After being favorite targets of the bears during the global financial crisis, dry bulk shippers and tanker stocks booked some decent gains in 2010. While the Baltic Dry Index isn't back to its pre-crisis levels,
it can be argued that the worst is behind the sector and this group is home to some impressive dividends and yields, making it all the more compelling for yield-starved investors.
To be sure, this isn't a perfect industry. In fact, there may be some issues to deal with right now.
Although oversupply may cause consolidation, delays, and cancellations in the short term, perhaps the burst of the shipping bubble may bring positive long term results, according to Sara Grillo for Business Insider.

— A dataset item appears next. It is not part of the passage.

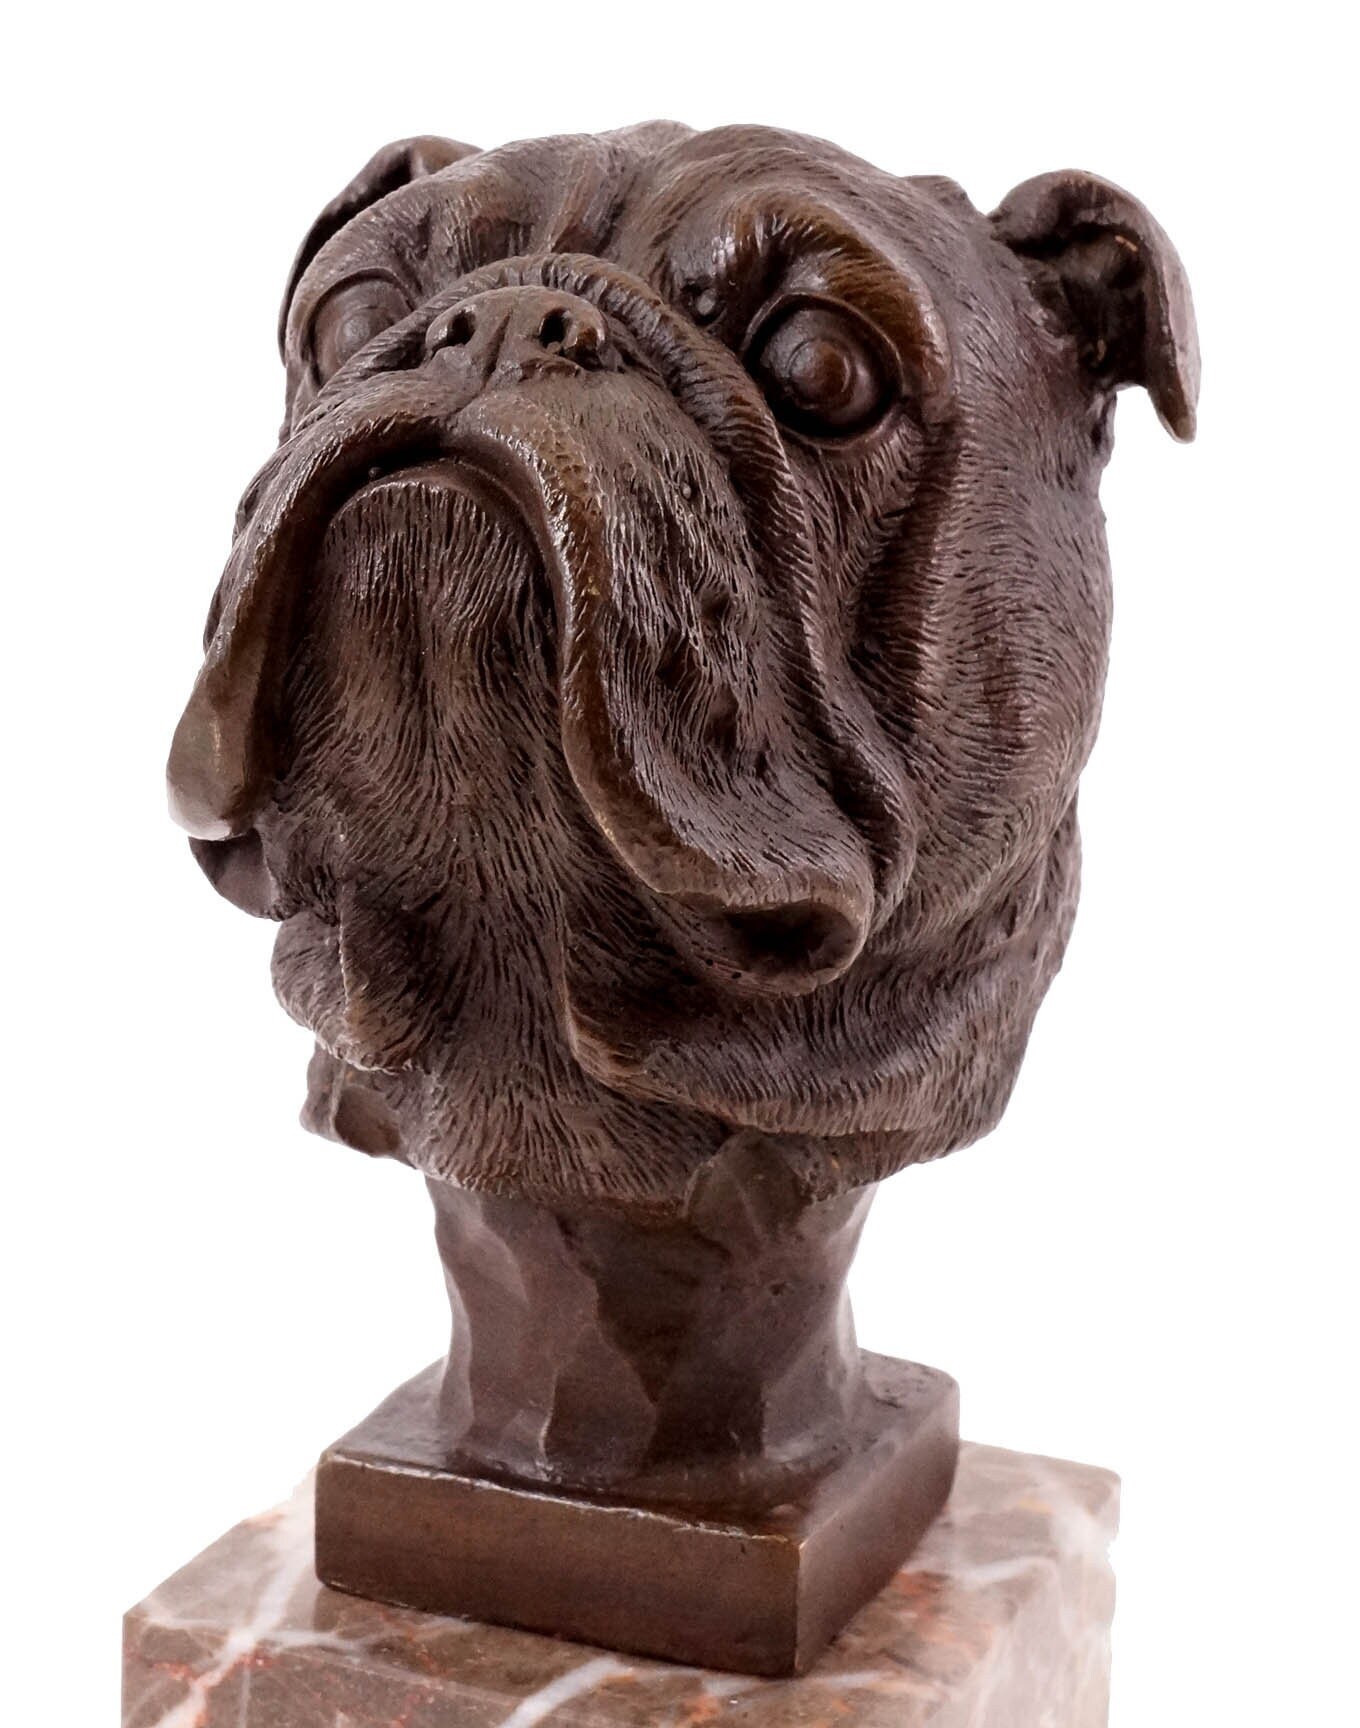  Französische Bulldogge Deko, Coole Bulldogge Figur Statue  Schlüsselschale mit Storage Tray, Big Mouth Harz Hunde Skulptur, Modern  Bulldog Sculpture für Flur Wohnzimmer Süßigkeiten Aufbewahrung ( Color

For those willing to take the risk, there is the second version of the Guggenheim Shipping ETF (NYSE: SEA). We say second version because an administrative snafu led to the delistment of the old Claymore/Delta Global Shipping ETF, but that fund was quickly reborn and under the same ticker no less.
SEA has gained almost 16% in the past six months and got 2011 started the right way by breaking above a downtrend line just over $28 and the chart is actually kind of attractive at this point, indicating a run to the $30 could be possible if the aforementioned near-term headwinds don't become too much of an issue.
Of course the primary catalyst for SEA's smooth sailing should be further strength in global commodities demand. If that remains the case, 2011 could be the year the dry bulk shipping sector is reborn and to make life easier, drop the stock-picking burden and sail with SEA.